Jangan salah menafsirkan pernyataan sebelumnya untuk menyarankan bahwa kita harus menghindari upaya untuk membangun dan menerapkan AI yang tepercaya secara menyeluruh. Anda akan dengan cepat membuang bayi dengan air mandi, seolah-olah. Interpretasi yang tepat adalah bahwa kita perlu melakukan aktivitas kepercayaan tersebut untuk memasukkan AI ke dalam pertimbangan yang dapat dipercaya, namun itu saja bukanlah obat untuk semua atau peluru perak.
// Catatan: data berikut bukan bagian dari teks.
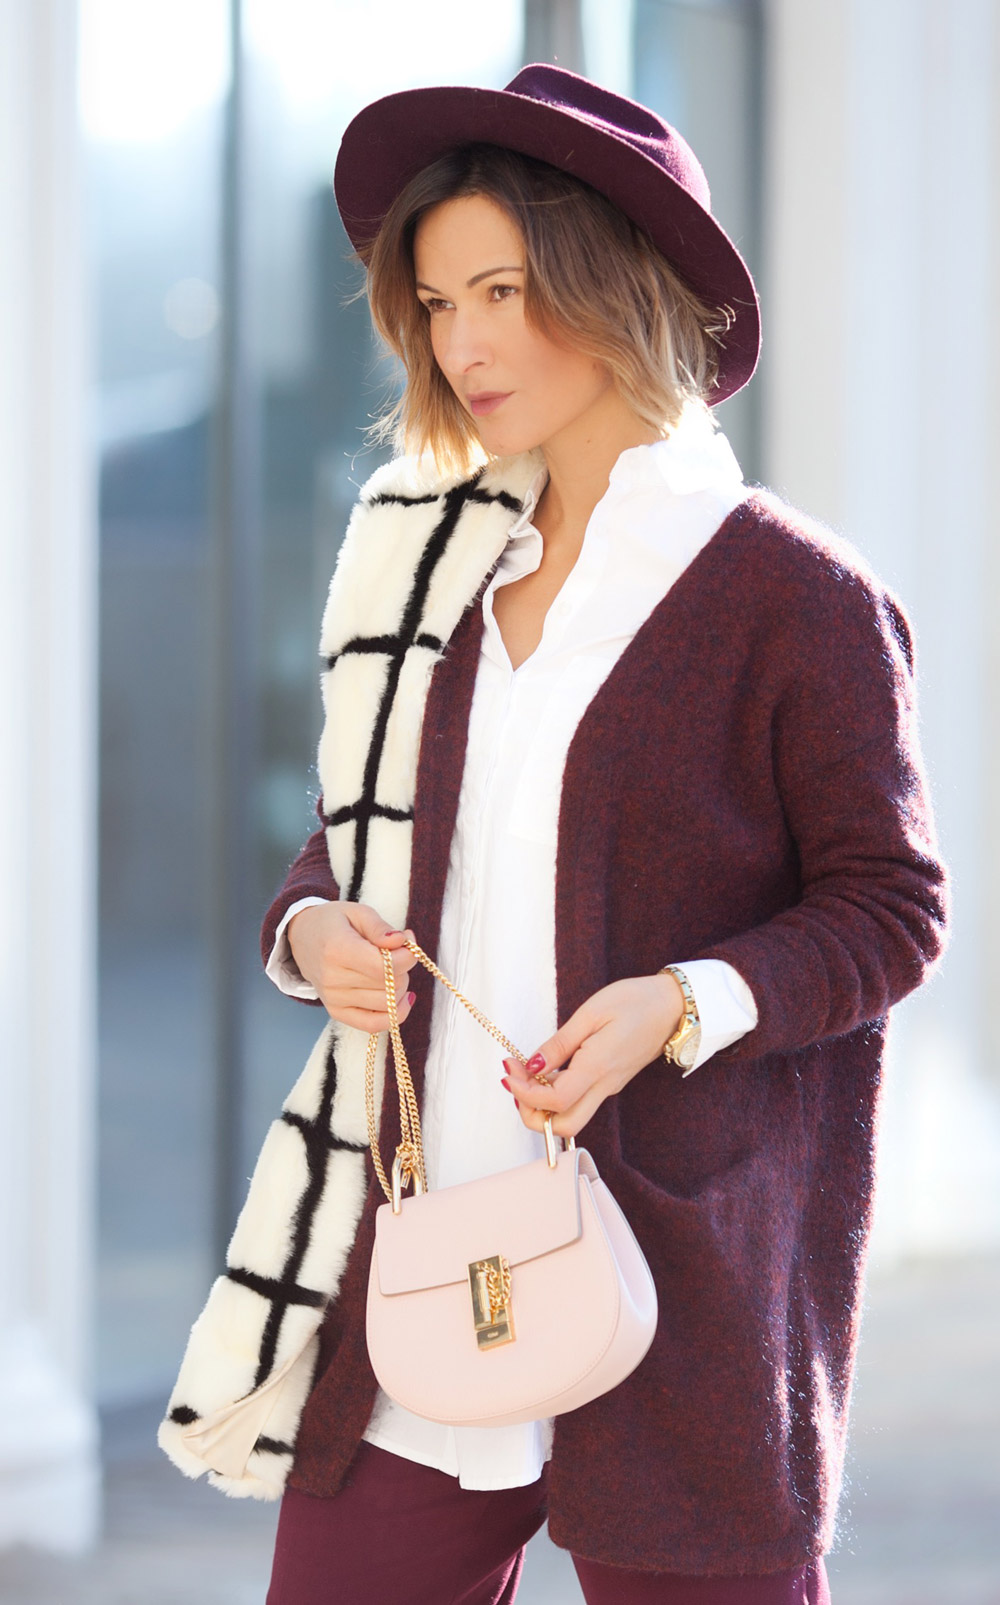 chloe+drew+bag+outfit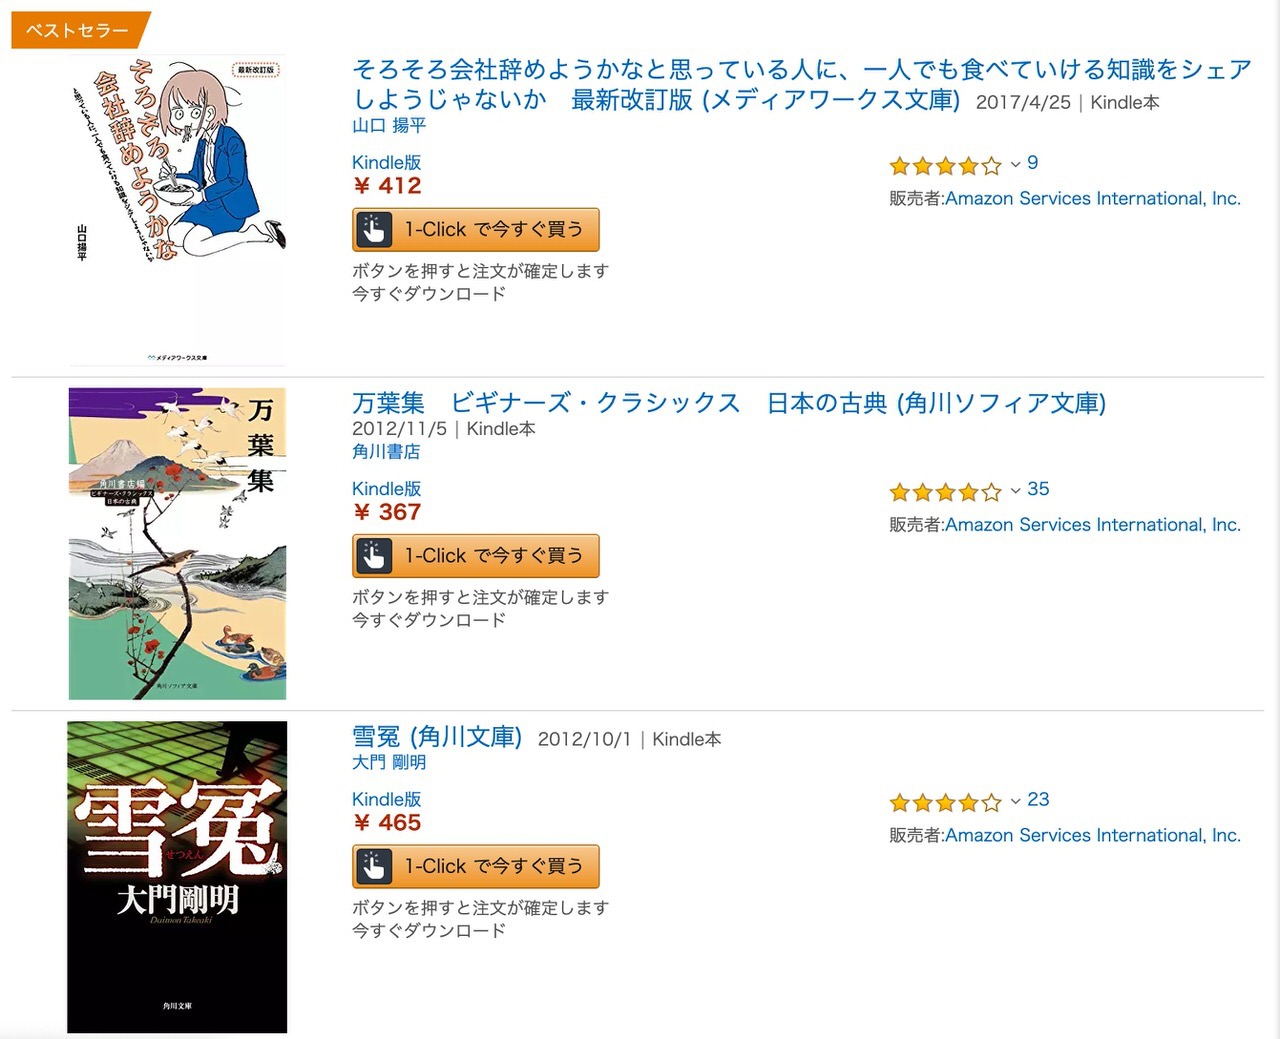 【Kindleセール】2,000冊以上が対象のKADOKAWA「春の名作文芸書まつり」(5/23まで)

Jalur Multi-Cabang Menuju AI yang Tepercaya

Ada cara multi-cabang tambahan yang penting untuk berjuang menuju AI yang dapat dipercaya.

Misalnya, seperti yang telah saya bahas sebelumnya di kolom saya, segudang undang-undang dan peraturan yang baru muncul tentang AI bertujuan untuk mendorong pembuat AI untuk merancang AI yang dapat dipercaya, lihat tautannya di sini dan tautannya di sini.

Pagar hukum ini sangat penting sebagai sarana menyeluruh untuk memastikan bahwa mereka yang merancang AI bertanggung jawab penuh atas AI mereka. Tanpa potensi pemulihan hukum dan hukuman yang sah, mereka yang mendorong AI ke pasar kemungkinan akan terus melakukannya dengan sedikit jika ada perhatian serius untuk mencapai AI yang dapat dipercaya. Saya mungkin secara khusus menambahkan, bahwa jika undang-undang dan peraturan tersebut dirancang dengan buruk atau diterapkan secara tidak memadai, mereka sayangnya dapat melemahkan pengejaran AI yang dapat dipercaya, mungkin ironisnya dan anehnya mendorong AI yang tidak dapat dipercaya daripada AI yang dapat dipercaya (lihat diskusi kolom saya untuk penjelasan lebih lanjut).

Saya juga telah menjadi pendukung setia untuk apa yang saya sebut sebagai Bot malaikat penjaga AI (lihat liputan saya di tautannya di sini). Ini adalah metode atau pendekatan yang akan datang untuk mencoba melawan api dengan api, yaitu menggunakan AI untuk membantu kita dalam menghadapi AI lain yang mungkin atau mungkin tidak dapat dipercaya.

Pertama, beberapa konteks latar belakang akan berguna.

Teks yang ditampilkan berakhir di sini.